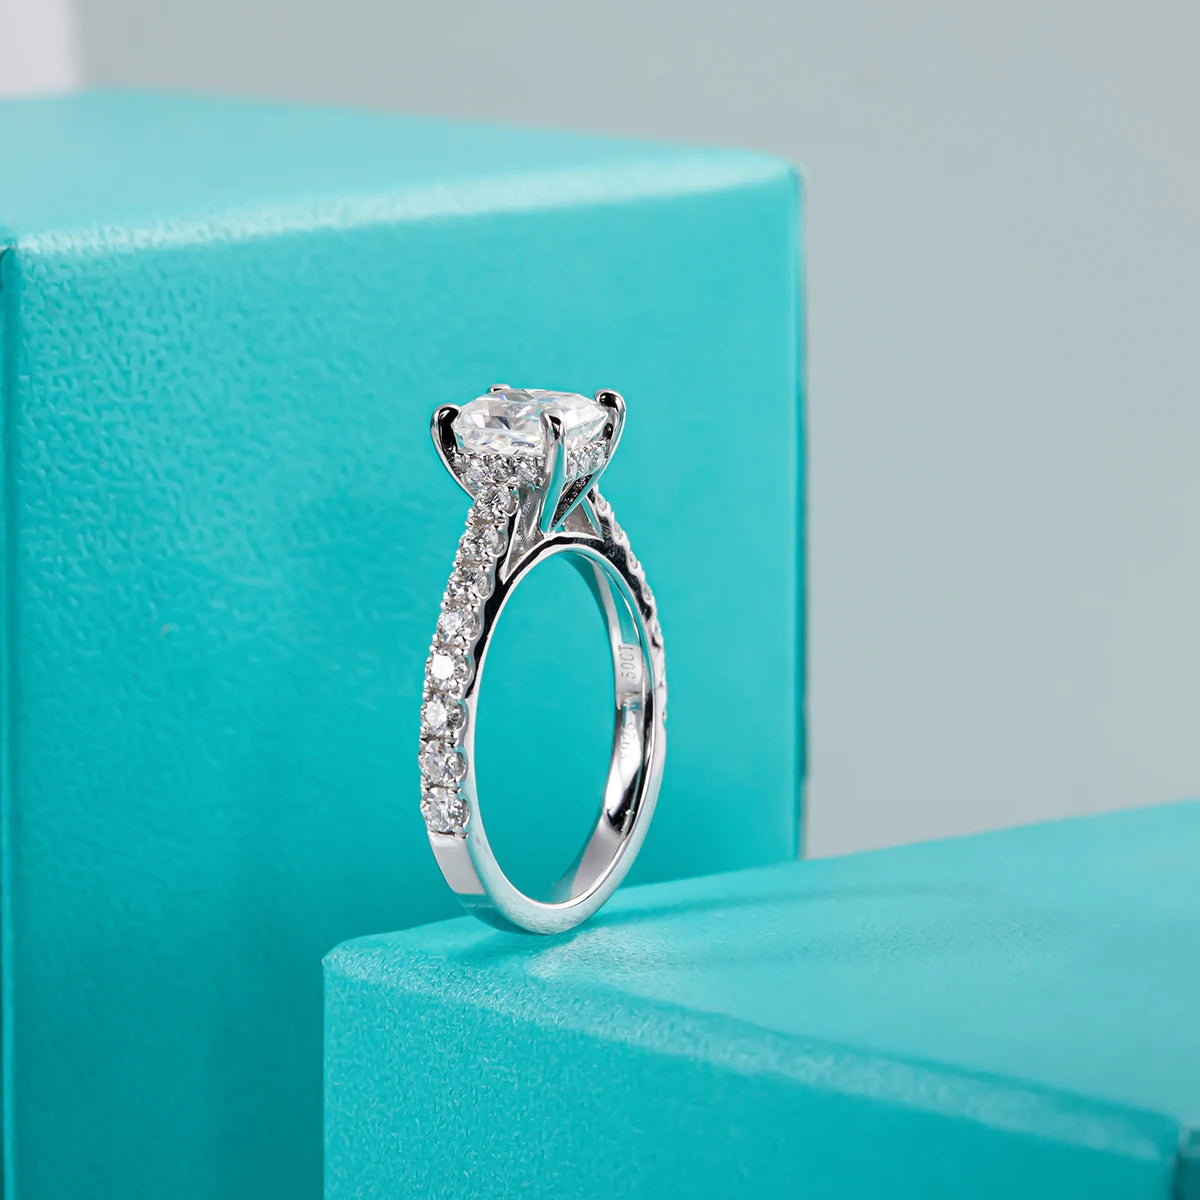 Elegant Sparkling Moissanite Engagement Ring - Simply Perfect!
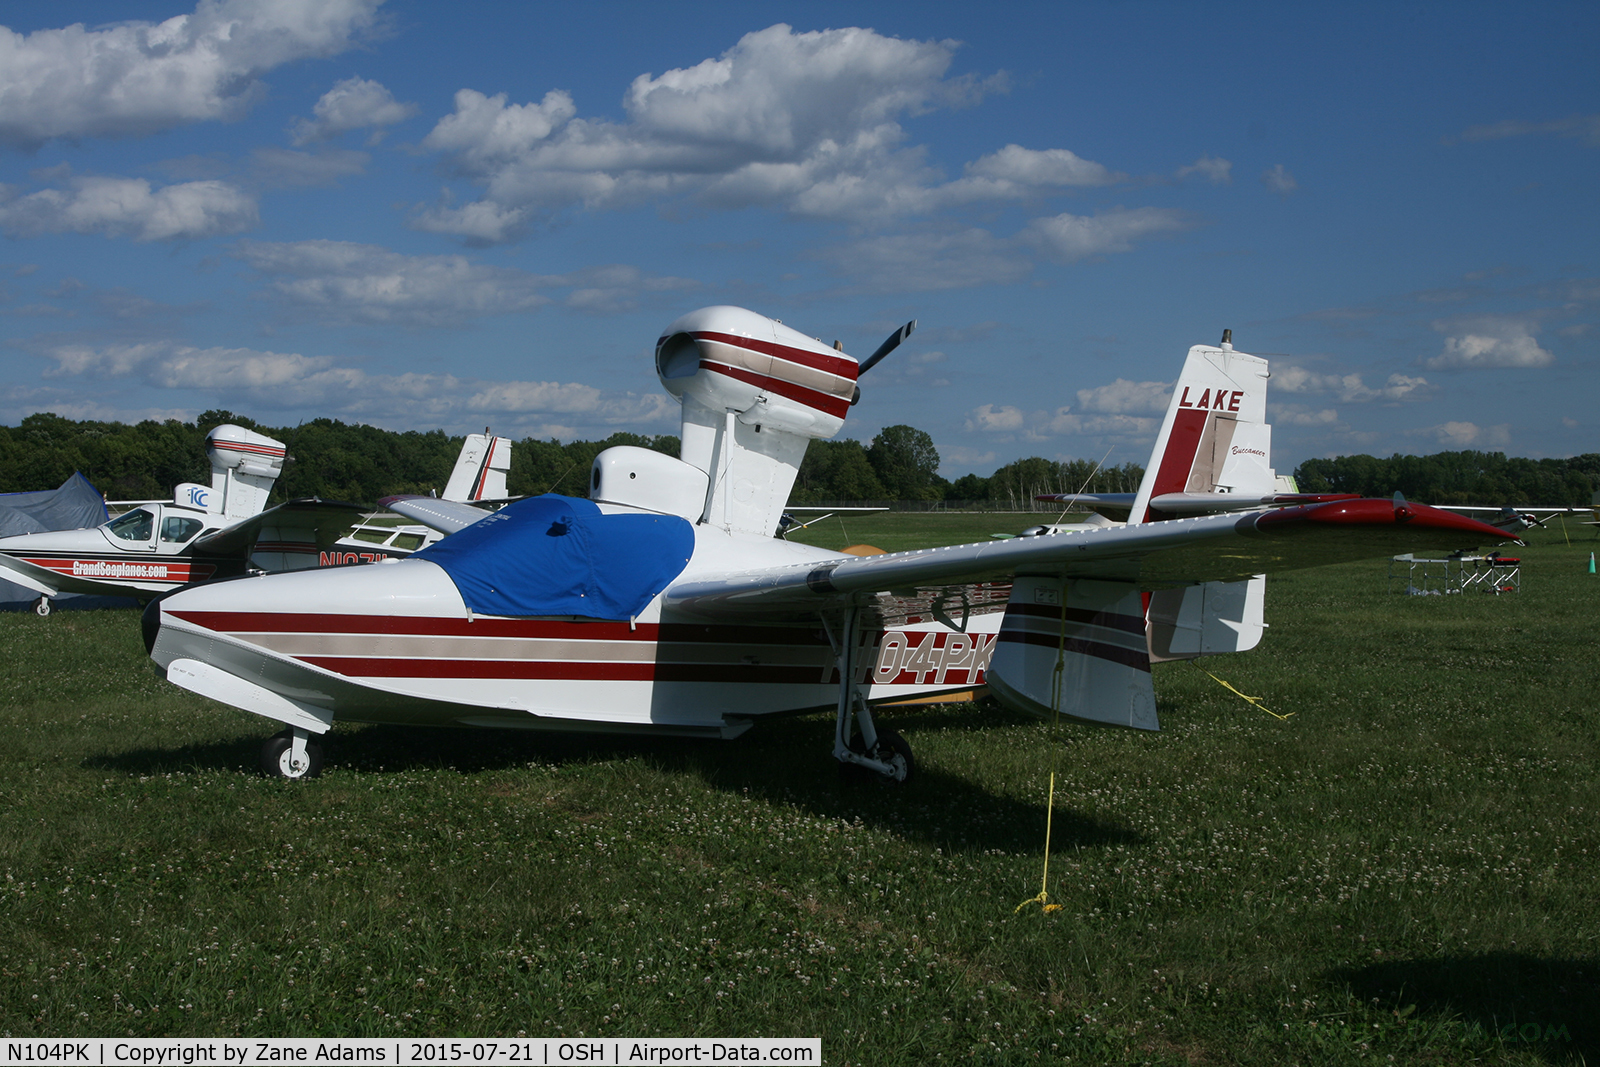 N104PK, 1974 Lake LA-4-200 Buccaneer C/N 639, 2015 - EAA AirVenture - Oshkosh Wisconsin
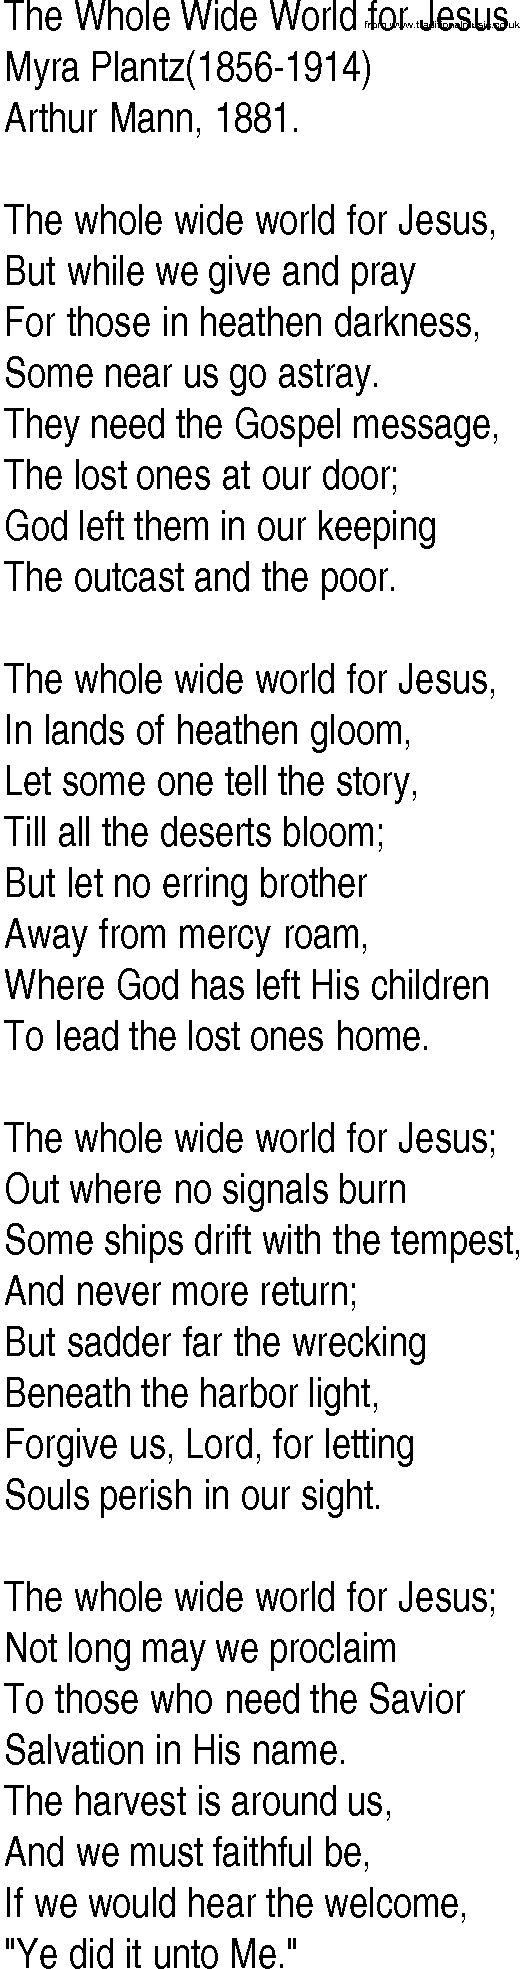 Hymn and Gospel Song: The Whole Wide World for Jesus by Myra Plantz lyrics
::::::
** Exercise brief **
Your reply should give again exactly the lines from the one with "N104PK, 1974 Lake" through the last line of the data, with both ends included and pictures left out.

** Written answer **
 N104PK, 1974 Lake LA-4-200 Buccaneer C/N 639, 2015 - EAA AirVenture - Oshkosh Wisconsin
 Hymn and Gospel Song: The Whole Wide World for Jesus by Myra Plantz lyrics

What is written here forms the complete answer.